What to produce | The lines below from the one with "Exclusive!! This is" up to and including the one with "Banner Design Of" are what you should set down, exactly and without pictures.
--- Exercise inputs Enclosed Below ---
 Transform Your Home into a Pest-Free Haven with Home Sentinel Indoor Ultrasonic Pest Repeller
--- End of Enclosed Exercise inputs ---
--- Exercise inputs Enclosed Below ---
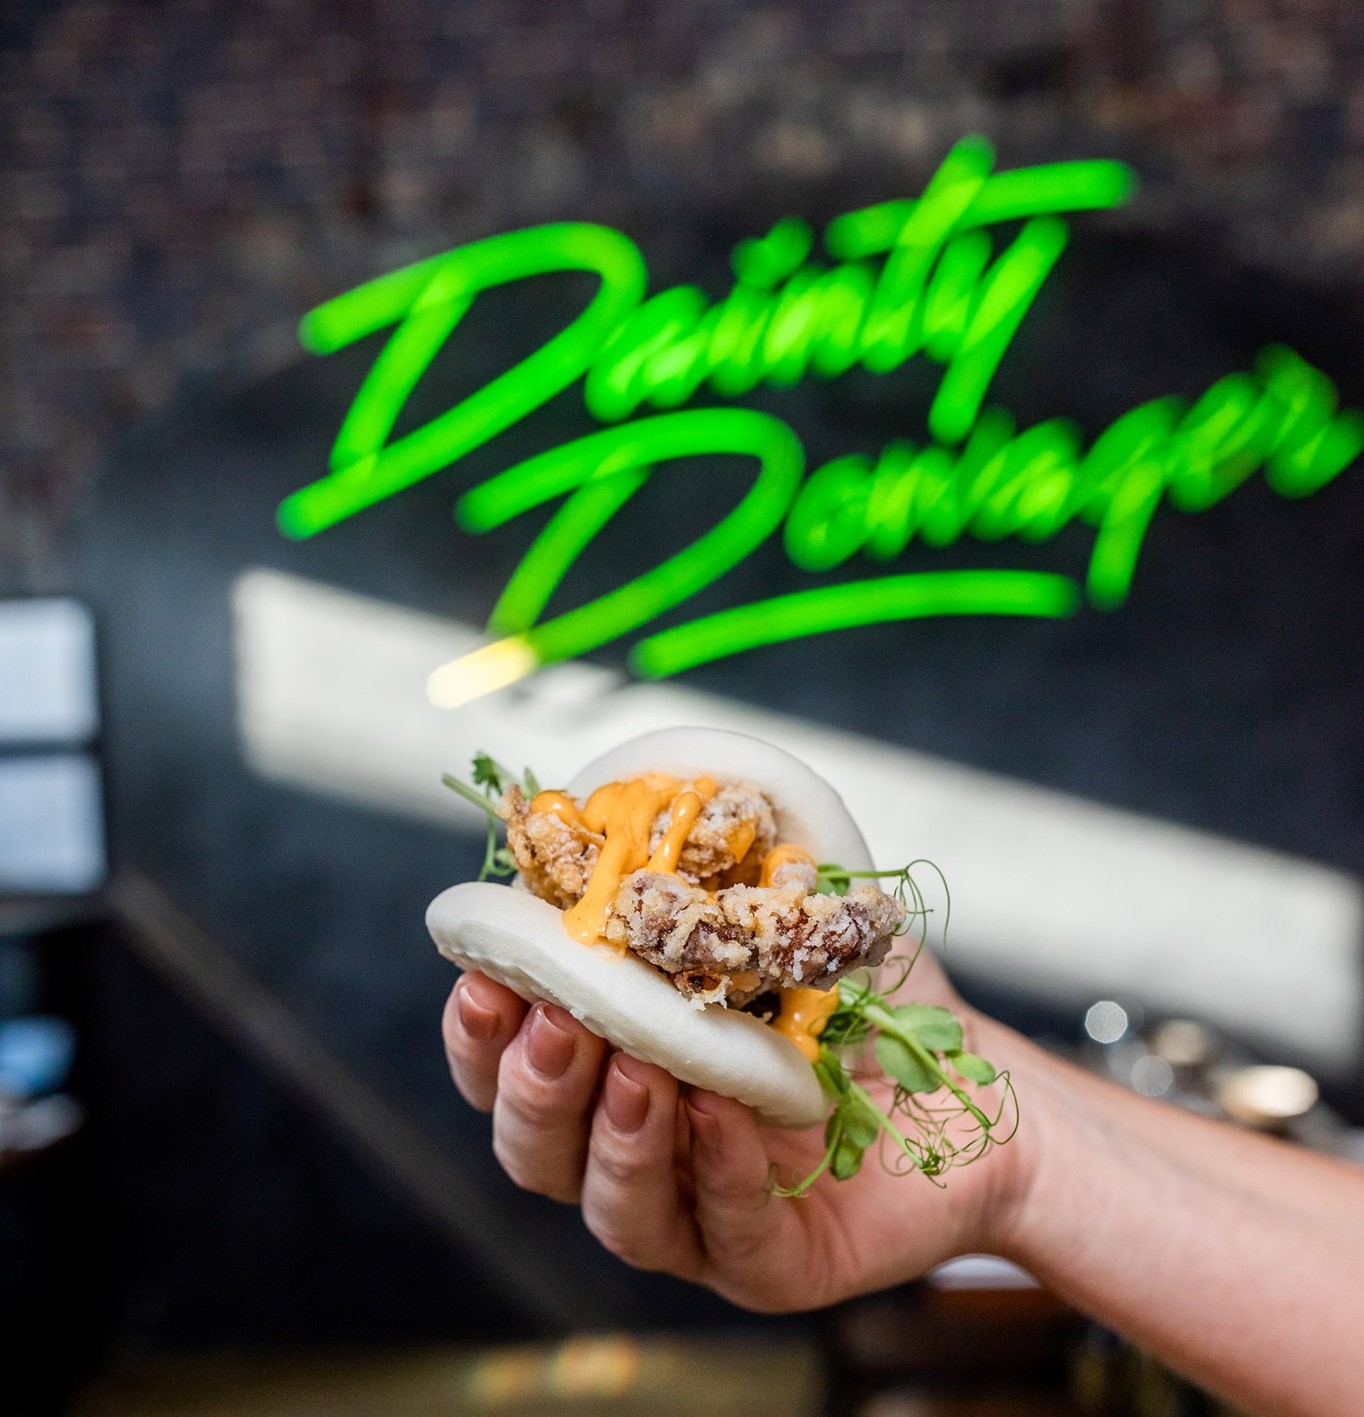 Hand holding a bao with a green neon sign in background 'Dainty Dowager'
--- End of Enclosed Exercise inputs ---
--- Exercise inputs Enclosed Below ---
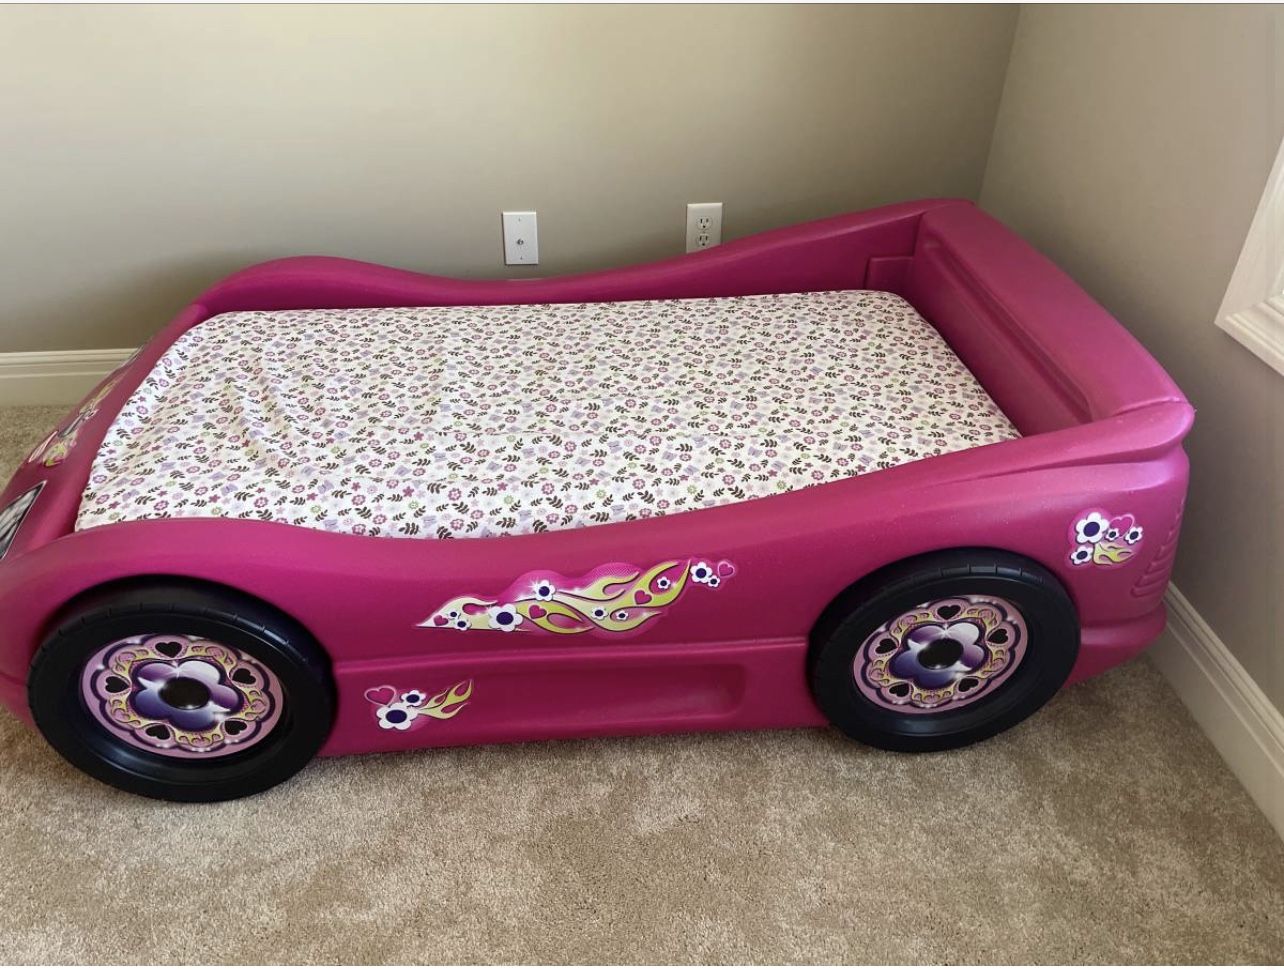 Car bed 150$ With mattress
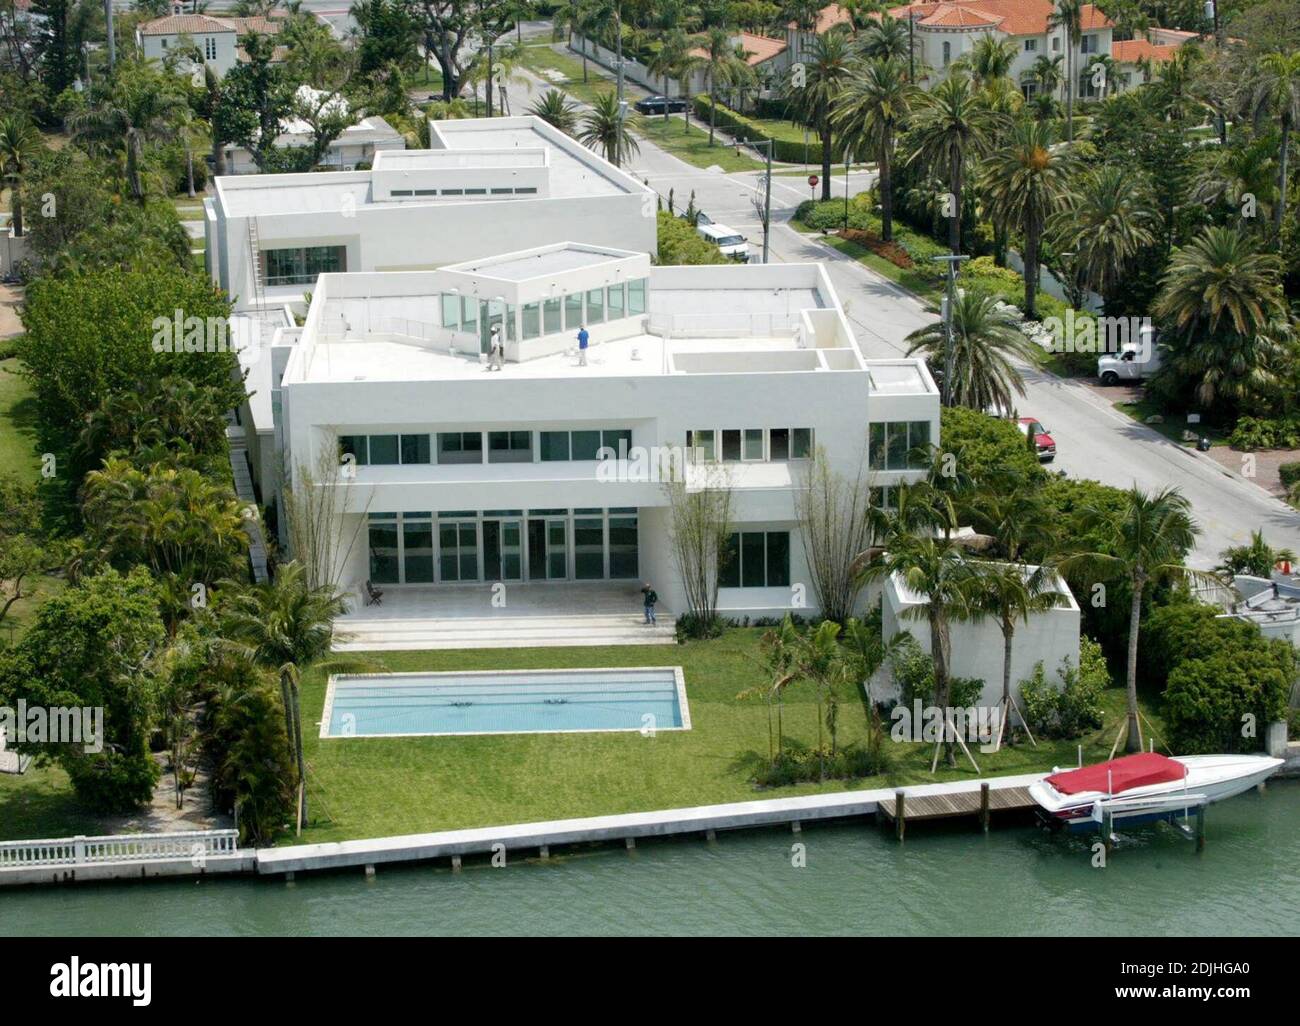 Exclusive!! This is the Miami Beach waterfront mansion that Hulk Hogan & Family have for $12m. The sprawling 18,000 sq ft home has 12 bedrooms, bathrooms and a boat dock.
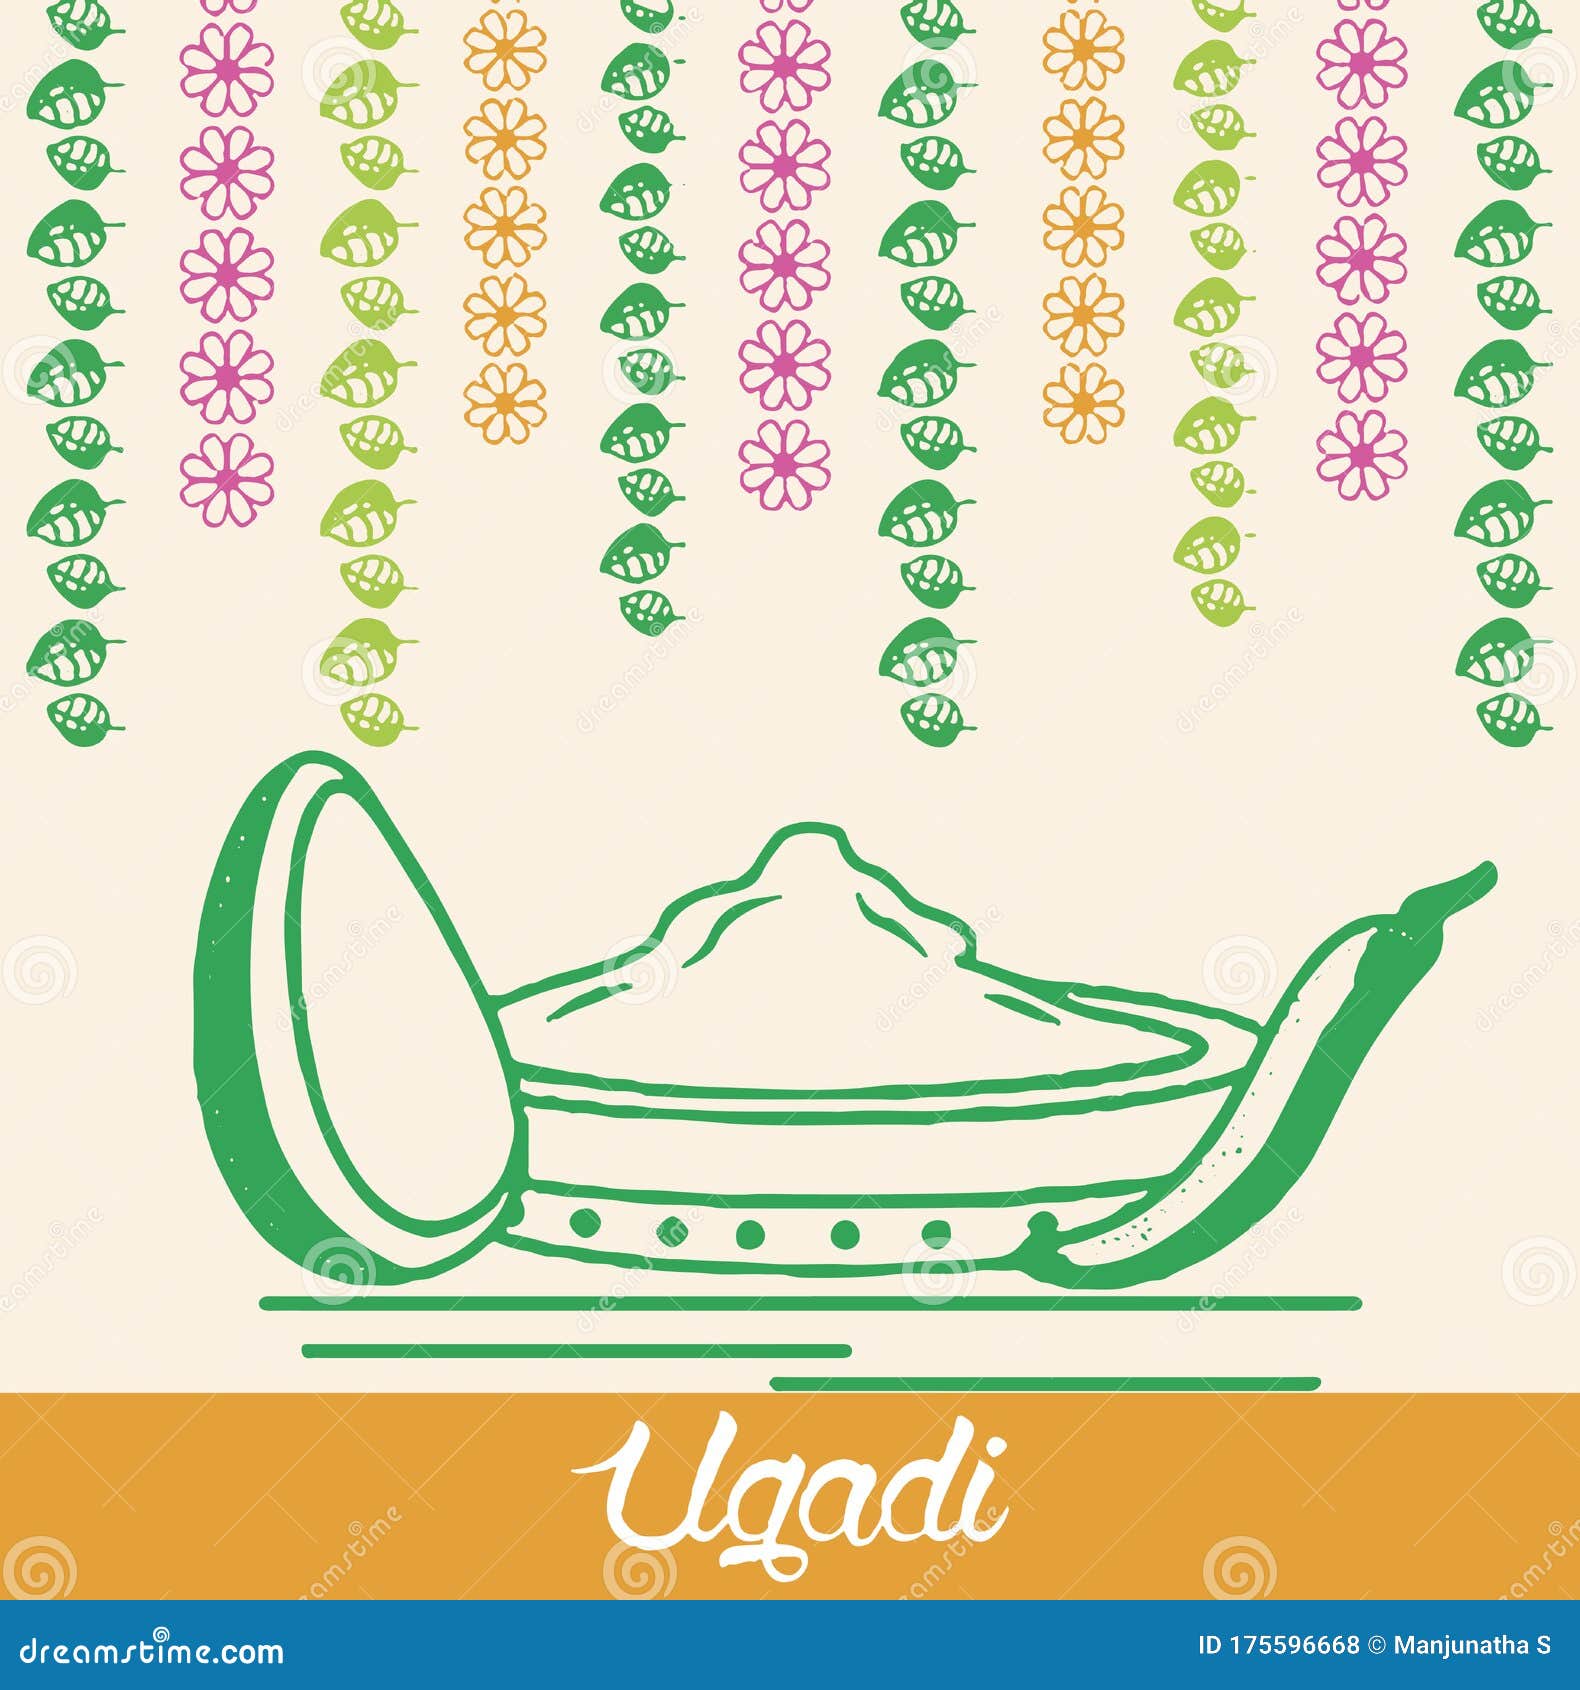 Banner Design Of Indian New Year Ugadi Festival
--- End of Enclosed Exercise inputs ---
Output |
 Exclusive!! This is the Miami Beach waterfront mansion that Hulk Hogan & Family have for $12m. The sprawling 18,000 sq ft home has 12 bedrooms, bathrooms and a boat dock.
 Banner Design Of Indian New Year Ugadi Festival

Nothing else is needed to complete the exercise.